Marine borrowers can have irregular lending or interest payment timelines that are incompatible with bank requirements. 

Borrowers go to Yieldstreet because it provides flexibility compared to traditional lending institutions.

Yieldstreet partners with loan originators to fund three different types of marine finance activities. 

  • Vessel acquisition — Yieldstreet raises funds to acquire shipping vessels then leases them to companies that manage vessels that deliver raw goods and materials across the globe. Like real estate, cash flow services the outstanding loan providing income, and the potential for asset appreciation. 
  • Vessel construction — Cargo ship construction can be a multi-year undertaking that costs tens of millions. Yieldstreet investors help to fund building new ships. 
  • Vessel deconstruction — When a vessel reaches its end of life, its raw materials are more valuable disassembled. Acquiring and commissioning a ship for deconstruction requires high up-front costs. 

Read more: What is Marine Finance? (video), How is Marine Finance Like Real Estate? (video)

Fine Art Finance

Yieldstreet offers investors access to art financing deals. The platform provides lending services to art collectors, art dealers, museums, estates, foundations, and corporate clients. 

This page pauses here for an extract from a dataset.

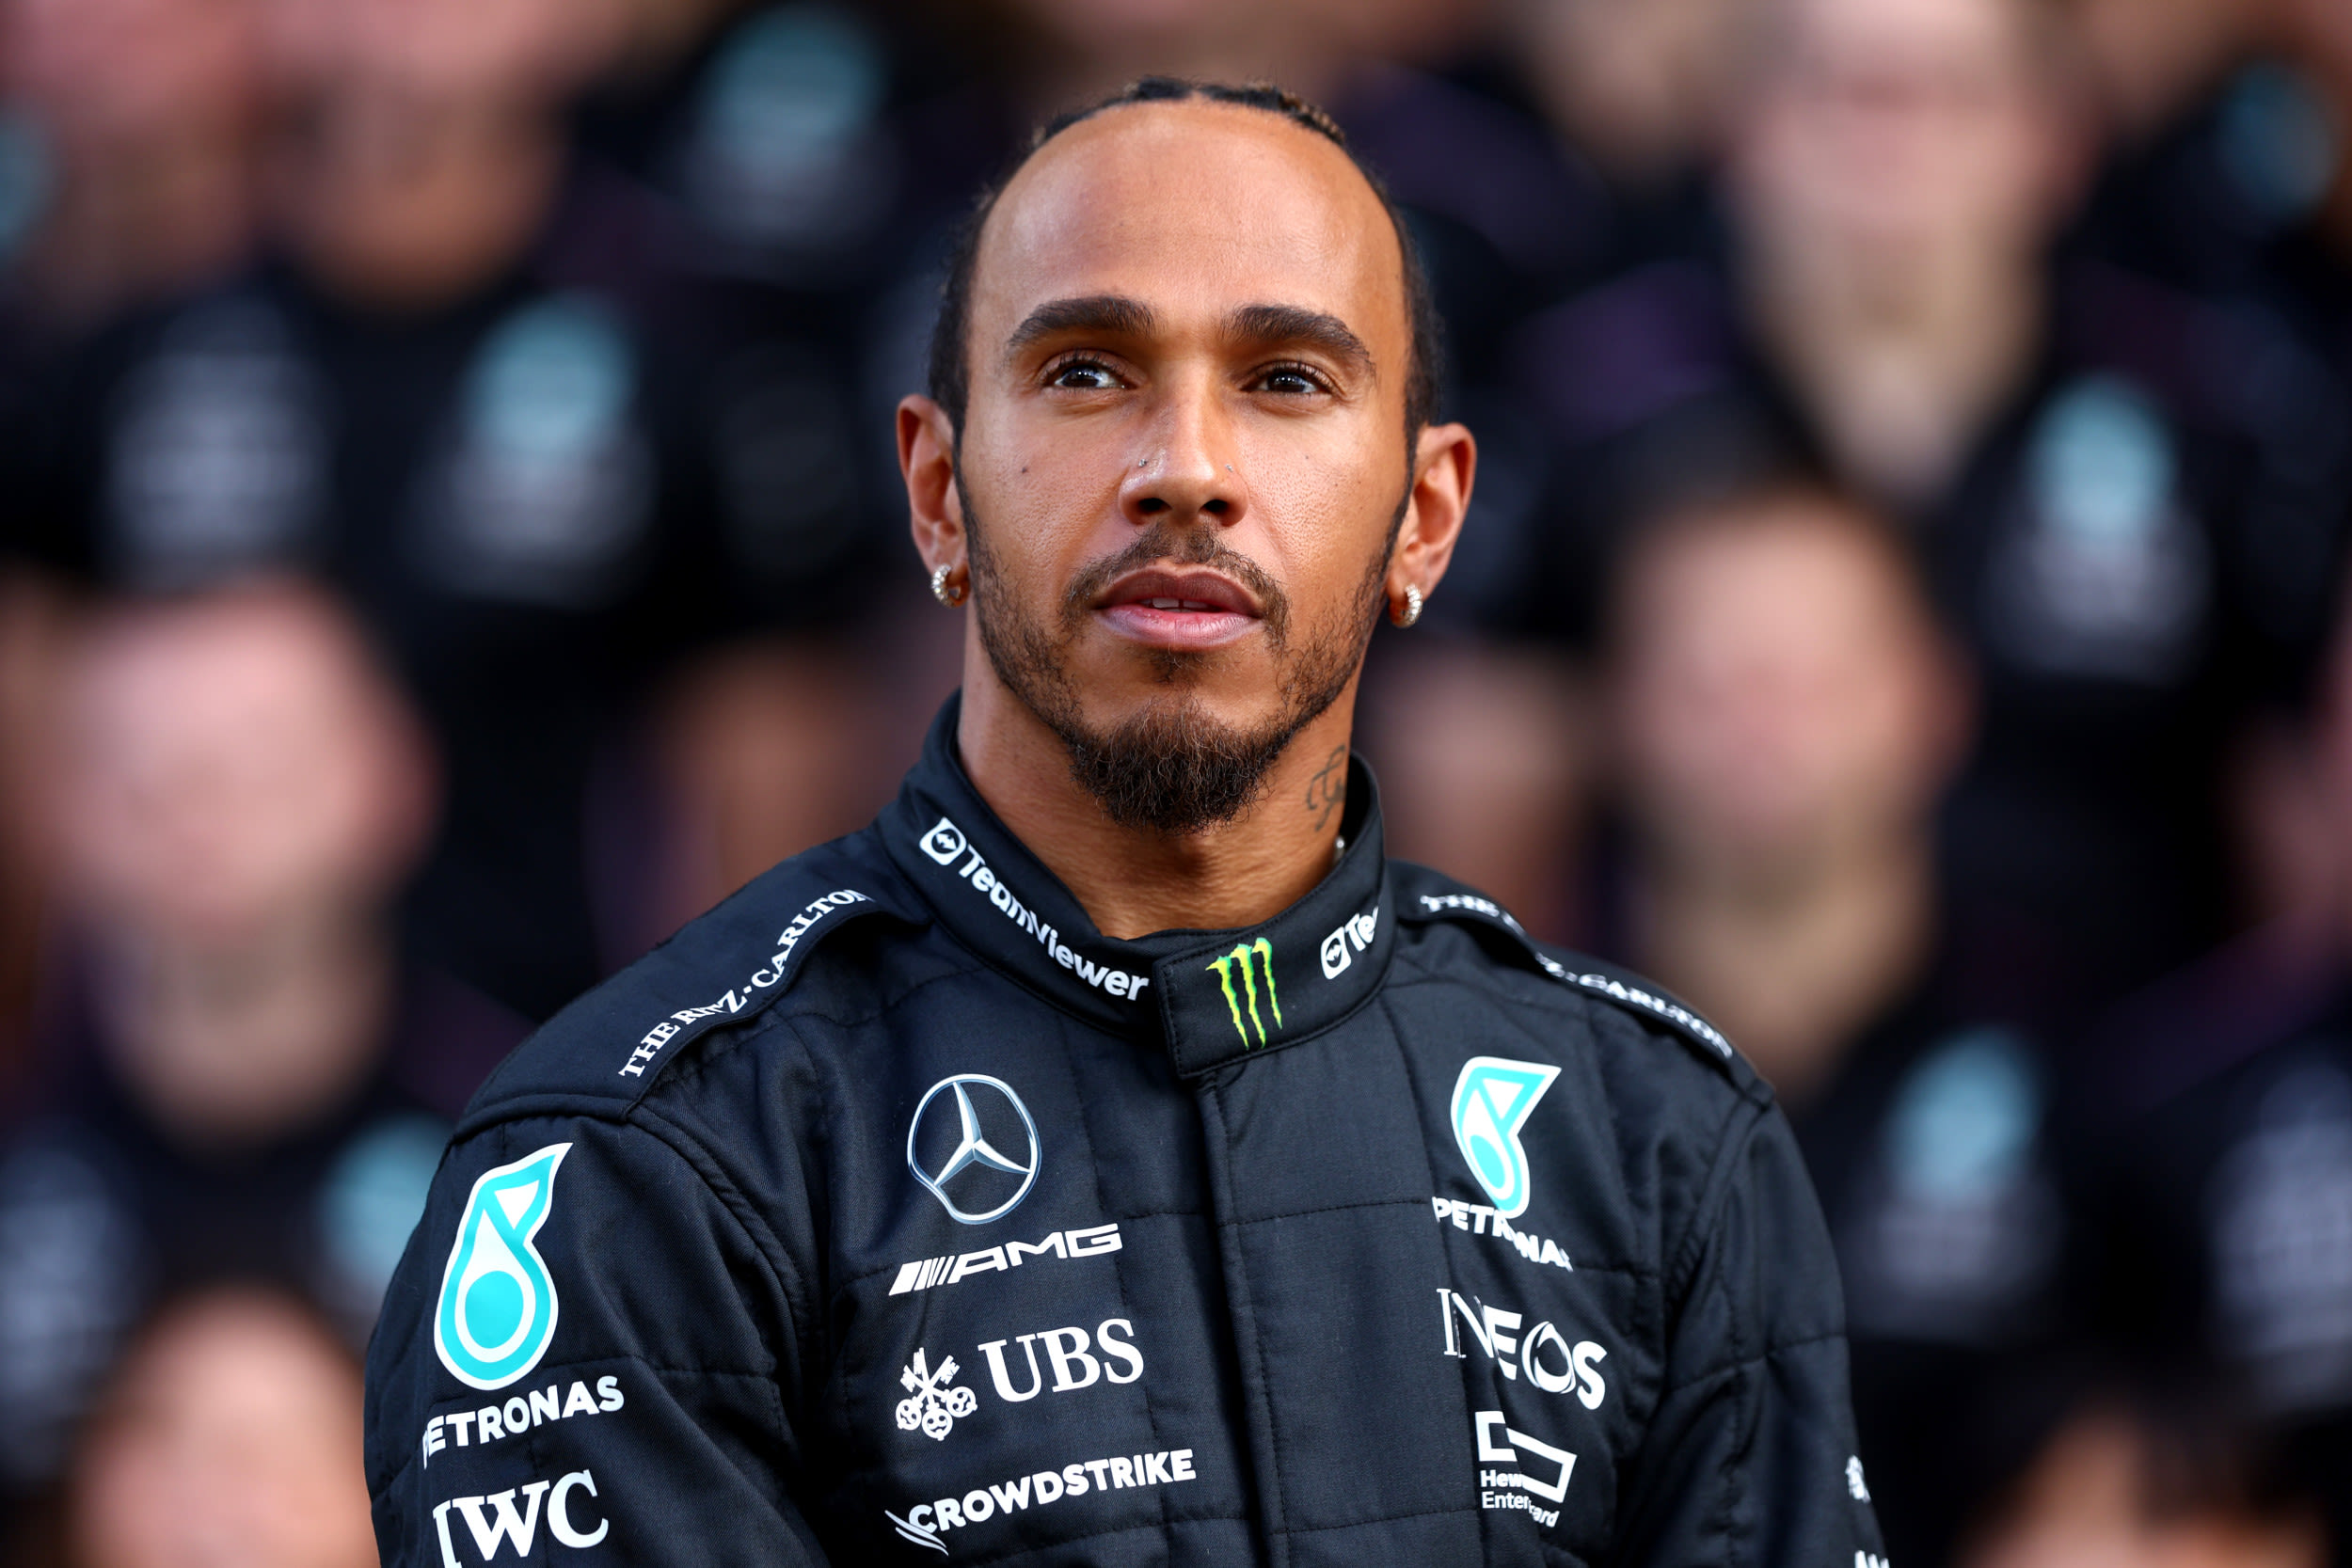 Lewis Hamilton's American accent goes viral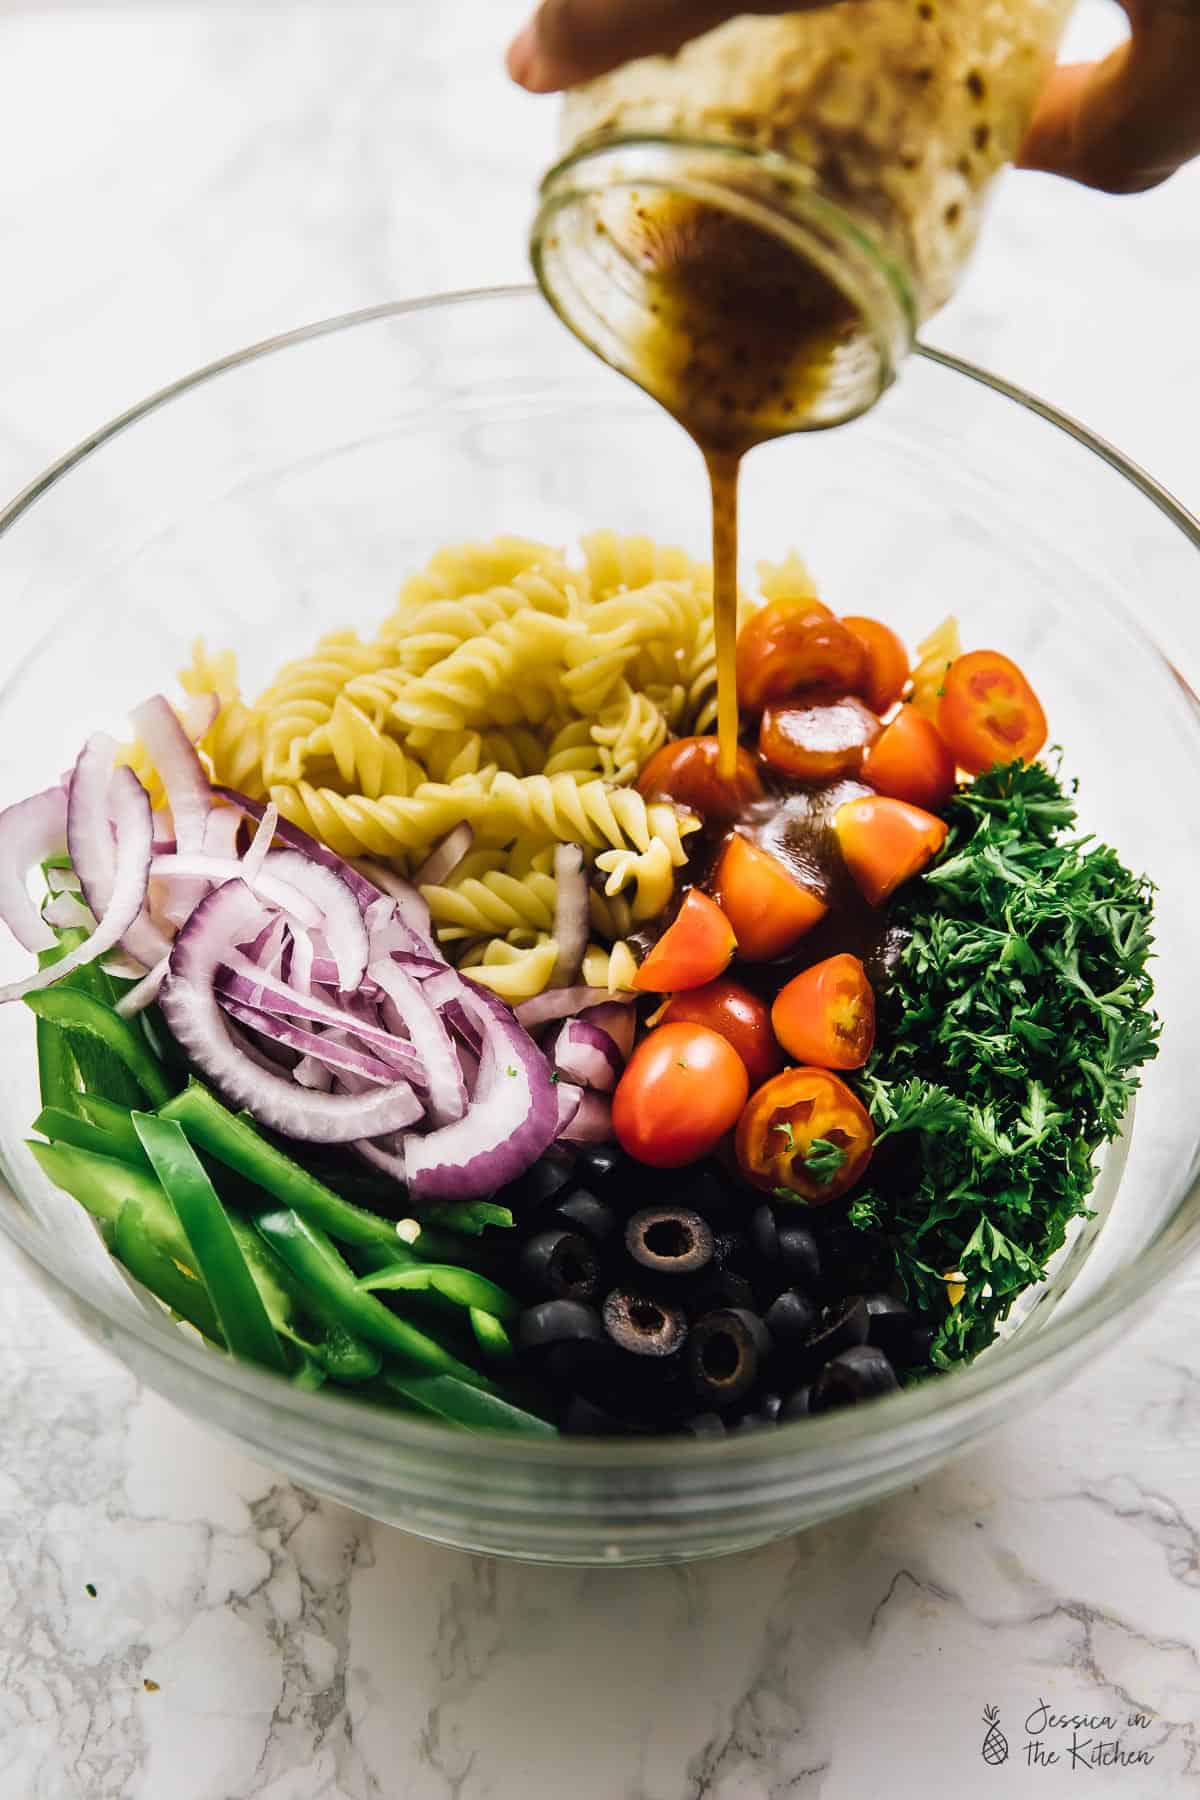 Pouring dressing on vegan pasta salad in a glass bowl.

Art owners borrow against their portfolios to increase liquidity and to acquire more paintings. 

Banks have narrow criteria for issuing loans, and fine art often doesn’t fit their risk appetite. 

This is where Yieldstreet steps in to provide short and long-term financing to clients, collateralized by the artwork. Yieldstreet applies strict collateral standards to reduce investors’ risk.

If a borrower defaults, Yieldstreet is entitled to take ownership of the art, similar to a real estate foreclosure. 

The Yieldstreet art finance product is much different than Masterworks. At Masterworks, investors crowdsource funds to acquire art pieces and own the artwork through a partnership to participate in asset appreciation. 

Yieldstreet’s product provides investors with an alternative source of passive income.

Read more: Yieldstreet: Overview on Art Finance

Real Estate

Like other real estate crowdfunding offerings on various platforms, Yieldstreet offers retail investors debt and equity deals. It’s been offering real estate deals since its beginning.

Debt offerings are typically short-term fixed-rate loans made to real estate developers to acquire and or renovate a property. Here’s an example of a previous deal on Yieldstreet, a multi-family project in Baltimore.

Debt investments pay a set interest rate based on the terms of the deal. Investors receive a tax form 1099-INT in the first quarter of the new year. 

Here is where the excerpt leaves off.